*About this task*: What is needed is an exact reproduction of the lines in the records below, starting at the line with "ECCO Mens Derby" and ending at the line with "Dead honey bee with corbicula full of pollen", both included, and nothing else; pictures stay out.

*Given records*:
────────────────────────────────────────

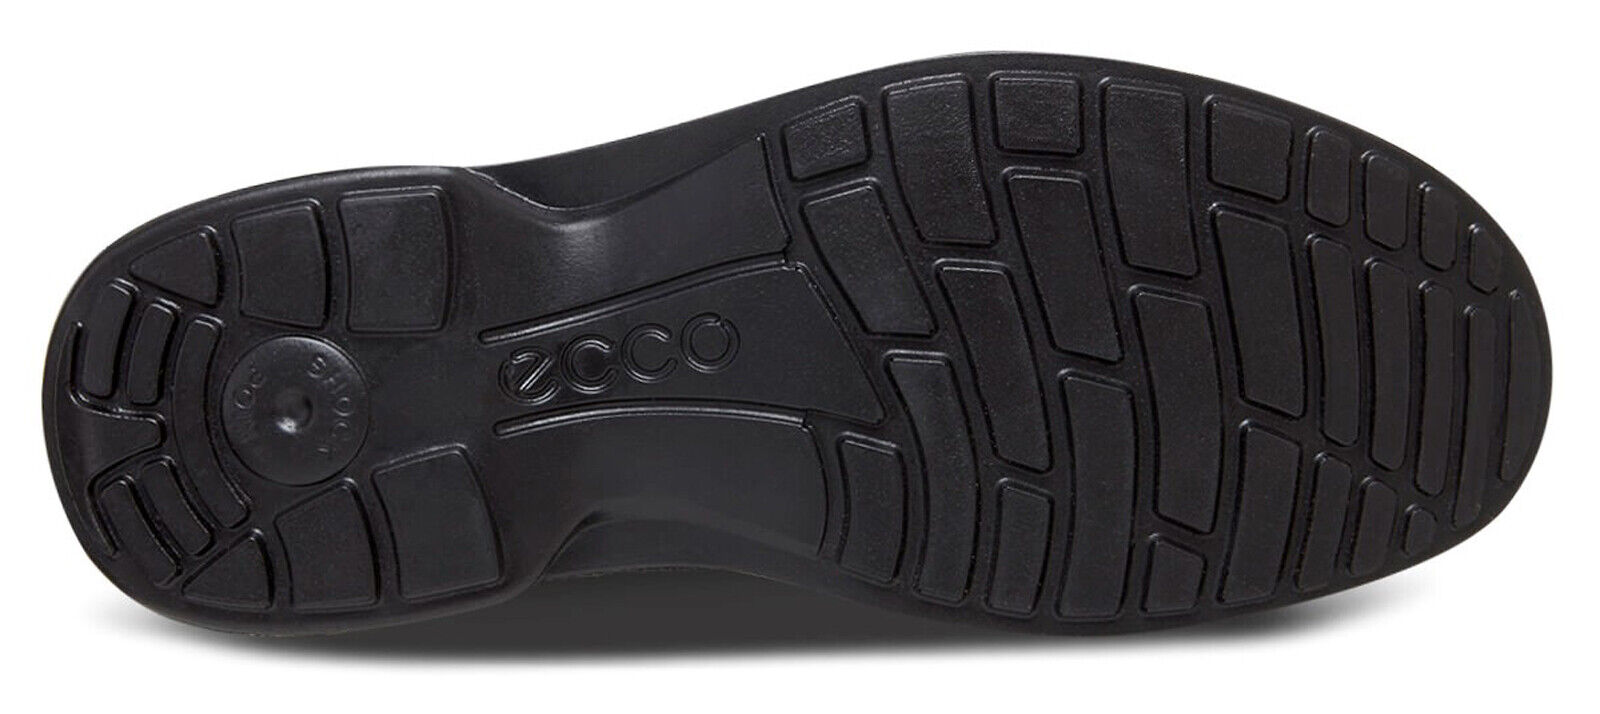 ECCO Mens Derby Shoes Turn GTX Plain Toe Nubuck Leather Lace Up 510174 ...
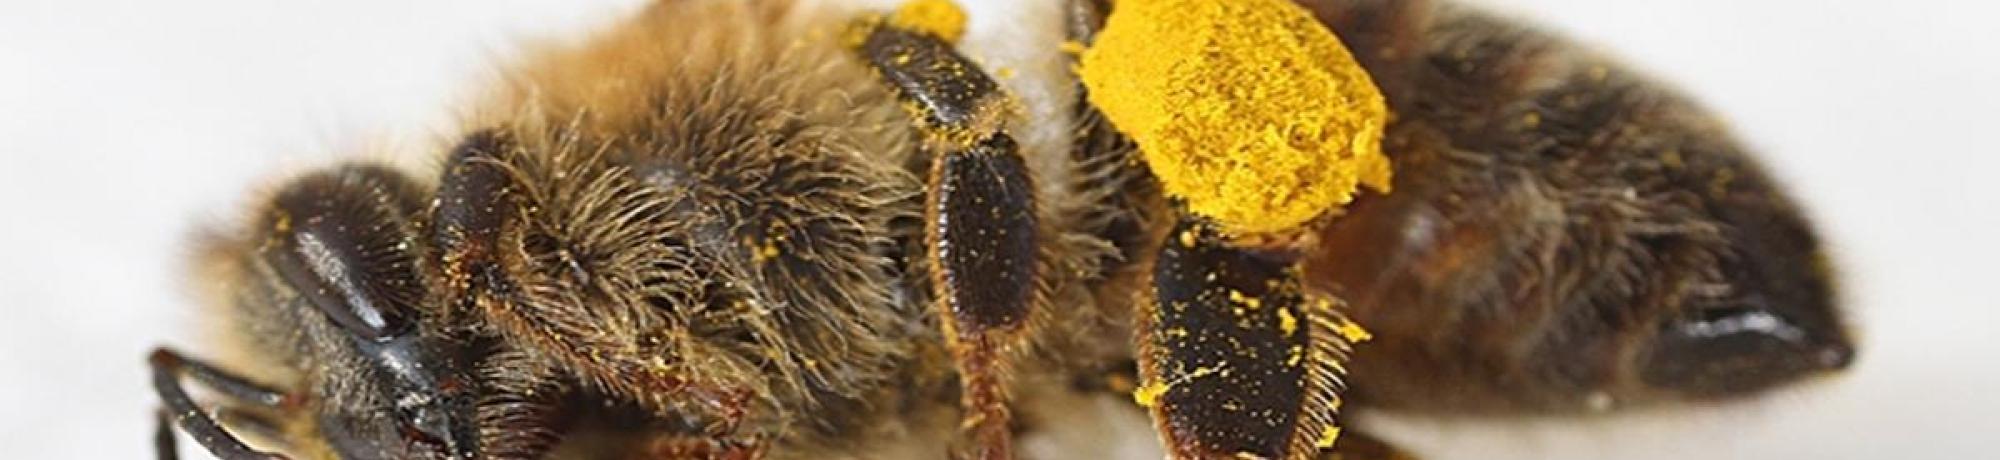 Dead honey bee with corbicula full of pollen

────────────────────────────────────────

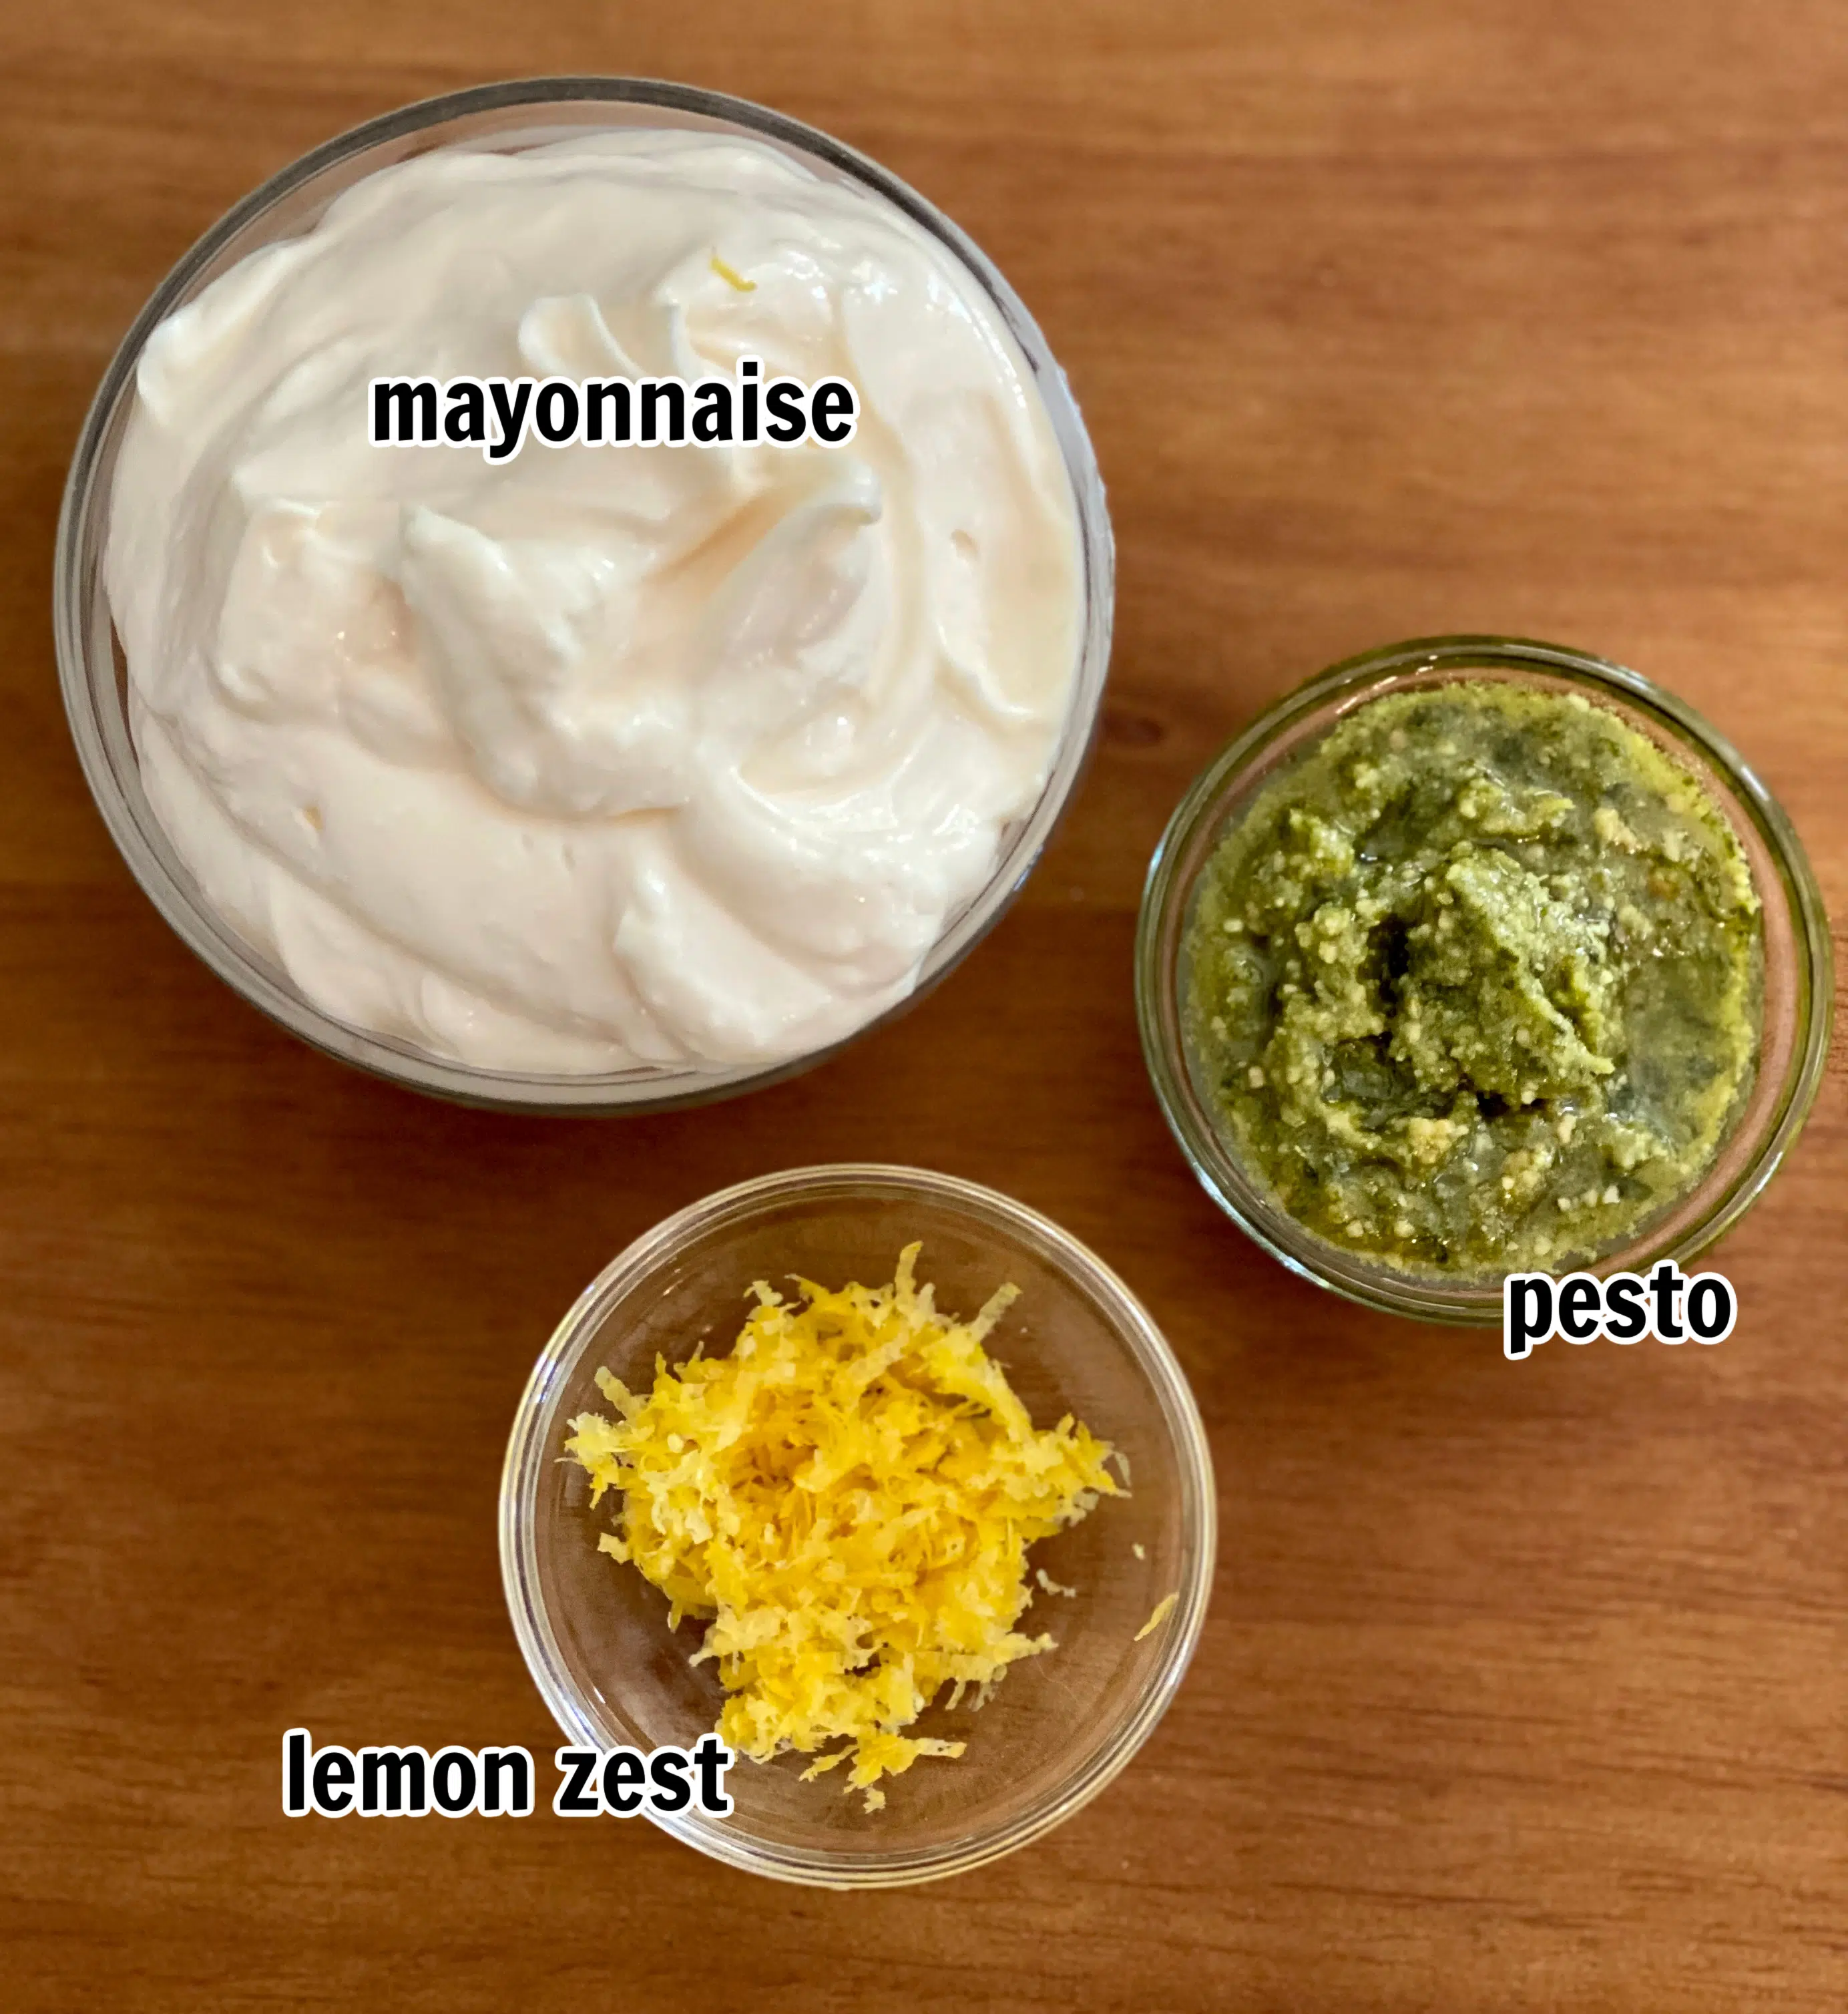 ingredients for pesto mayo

────────────────────────────────────────

*Output*:
 ECCO Mens Derby Shoes Turn GTX Plain Toe Nubuck Leather Lace Up 510174 ...
 Dead honey bee with corbicula full of pollen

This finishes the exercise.